Aphexda(motixafortide)

Aphexda is an innovative CXCR4 inhibitor which contains 62mg of motixafortide administered by subcutaneous injection.

[Indications for Aphexda(motixafortide)]
Aphexda is indicated for use in combination with filgrastim (G-CSF) to mobilise haematopoietic stem cells into the peripheral blood for collection and subsequent autologous transplantation in patients with multiple myeloma.

[Aphexda (motixafortide) Usage and Dosage]
1. Aphexda therapy is initiated after filgrastim has been injected and is administered daily for 4 days.
2. The recommended dose is 1.25 mg/kg of actual body weight, administered subcutaneously 10 to 14 hours before starting.
3. The second dose of Aphexda may be administered 10 to 14 hours later, prior to the third single dose.
See full prescribing information for preparation instructions and administration.

[Contraindications to Aphexda (motixafortide)]
Aphexda is contraindicated in patients with a history of severe allergic reactions to motixafortide.

[Aphexda (motixafortide) warnings and precautions]
Anaphylaxis and allergic reactions
Anaphylaxis and allergic reactions occur. Preoperative dosing Approximately 30-60 minutes prior to each administration of Aphexda, a triple dosing regimen consisting of an H1 antihistamine, an H2 blocker, and a leukotriene inhibitor was used in all patients. Administer Aphexda in a setting where personnel and treatments are immediately available to treat allergic and other systemic reactions Monitor patients for 1 hour after Aphexda administration and treat reactions promptly. Patients receiving negative chronotropic drugs (e.g., beta-blockers) may be more susceptible to hypotension in the setting of an anaphylactic reaction, and these drugs should be replaced with non-chronotropic drugs when appropriate.
②Injection site reactions
Injection site reactions occurred (73%) and included pain (53%), erythema (27%), and pruritus (24%).Serious reactions occurred in 9% of patients. Take an analgesic medication (e.g., acetaminophen) before each use of Aphexda. Use analgesic medications and topical treatments after administration as needed.
(iii) Tumour cell mobilisation in leukaemia patients
In order to mobilise haematopoietic stem cells (HSC), Aphexda may mobilise leukaemia cells and subsequently contaminate the monoclonal product. Therefore, Aphexda is not indicated for HSC mobilisation and collection in leukaemia patients.
④ Leukocytosis
Co-administration of Aphexda with filgrastim may increase the number of circulating leukocytes and HSC.Monitor leukocyte counts during Aphexda administration.
⑤ Potential for tumour cell mobilisation
When Aphexda is used in combination with filgrastim for HSC mobilisation, tumour cells may be released from the bone marrow and subsequently collected in leukocyte isolation products. The effect of potential transfusion of tumour cells back into the bone marrow has not been well studied.
vi Embryo-fetal toxicity
Based on its mechanism of action, Aphexda can cause foetal damage. Inform pregnant women of the potential risk to the foetus. Prior to initiating treatment with Aphexda, verify the pregnancy status of females of reproductive potential and recommend the use of effective contraception during treatment and for 8 days after the last dose.

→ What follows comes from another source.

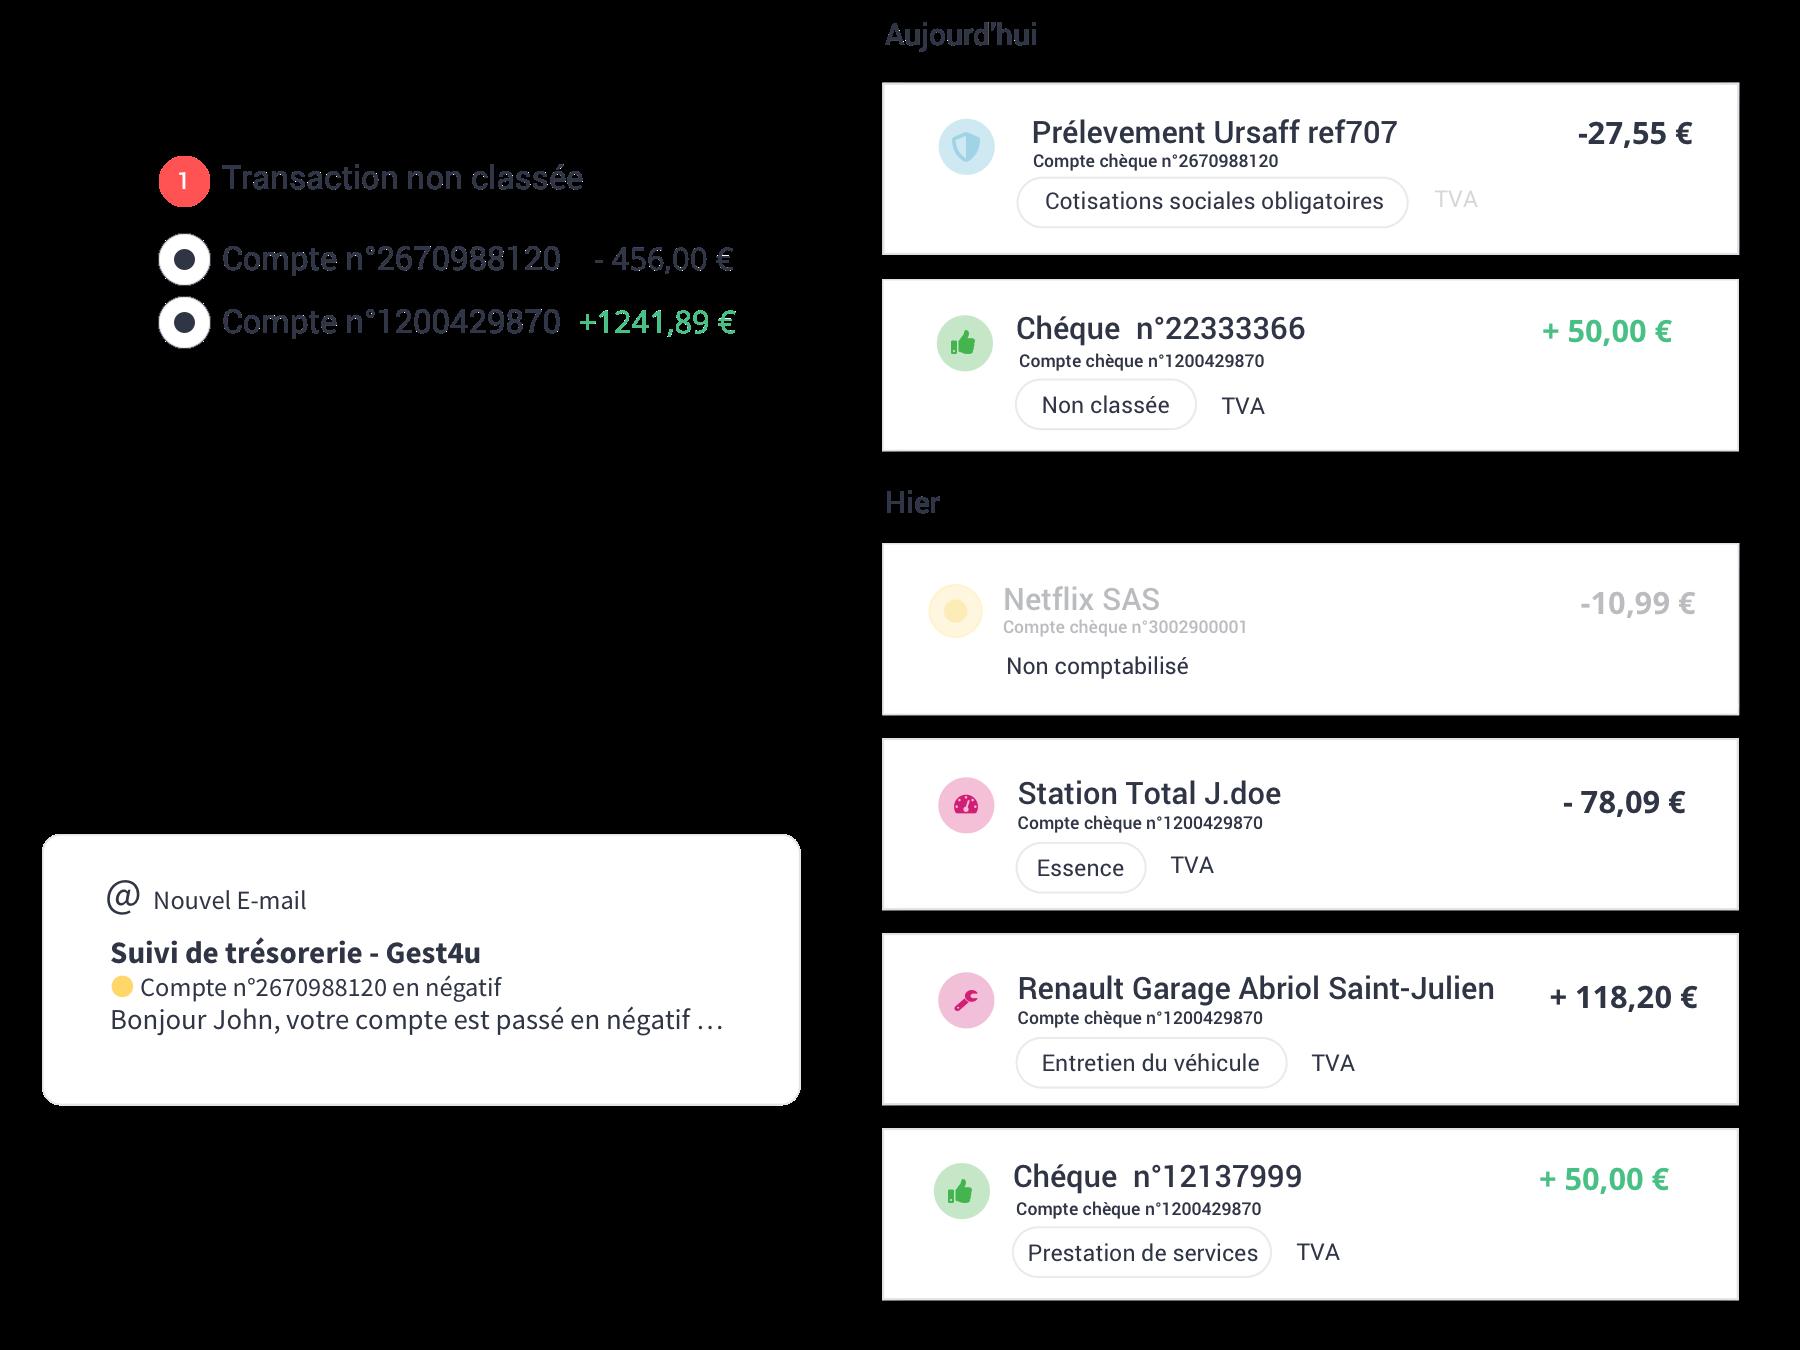 Fonctionnalité de Gest4u,logiciel en ligne de gestion comptable et commerciale pour indépandants et proféssions libérales - trésorerie et comptabilité

[Aphexda (motixafortide) in special populations]
1. Breastfeeding:There are no data on the presence of motixafortide in breast milk, effects on breastfed infants, or effects on milk production. Breast-feeding is not recommended for women during treatment with Aphexda and for 8 days after the last dose.
2.Paediatric Use:The safety and efficacy of Aphexda in paediatric patients have not been established.
3.Pregnancy:Based on its mechanism of action, Aphexda can cause fetal damage. Inform pregnant women of the potential risk to the fetus.

[Aphexda (motixafortide) Adverse Reactions].
The most common adverse reactions (incidence > 20%) in patients treated with Aphexda were injection site reactions [73%, including pain (53%), erythema (27%), and pruritus (24%)]; pruritus (38%); flushing (33%); and back pain (21%).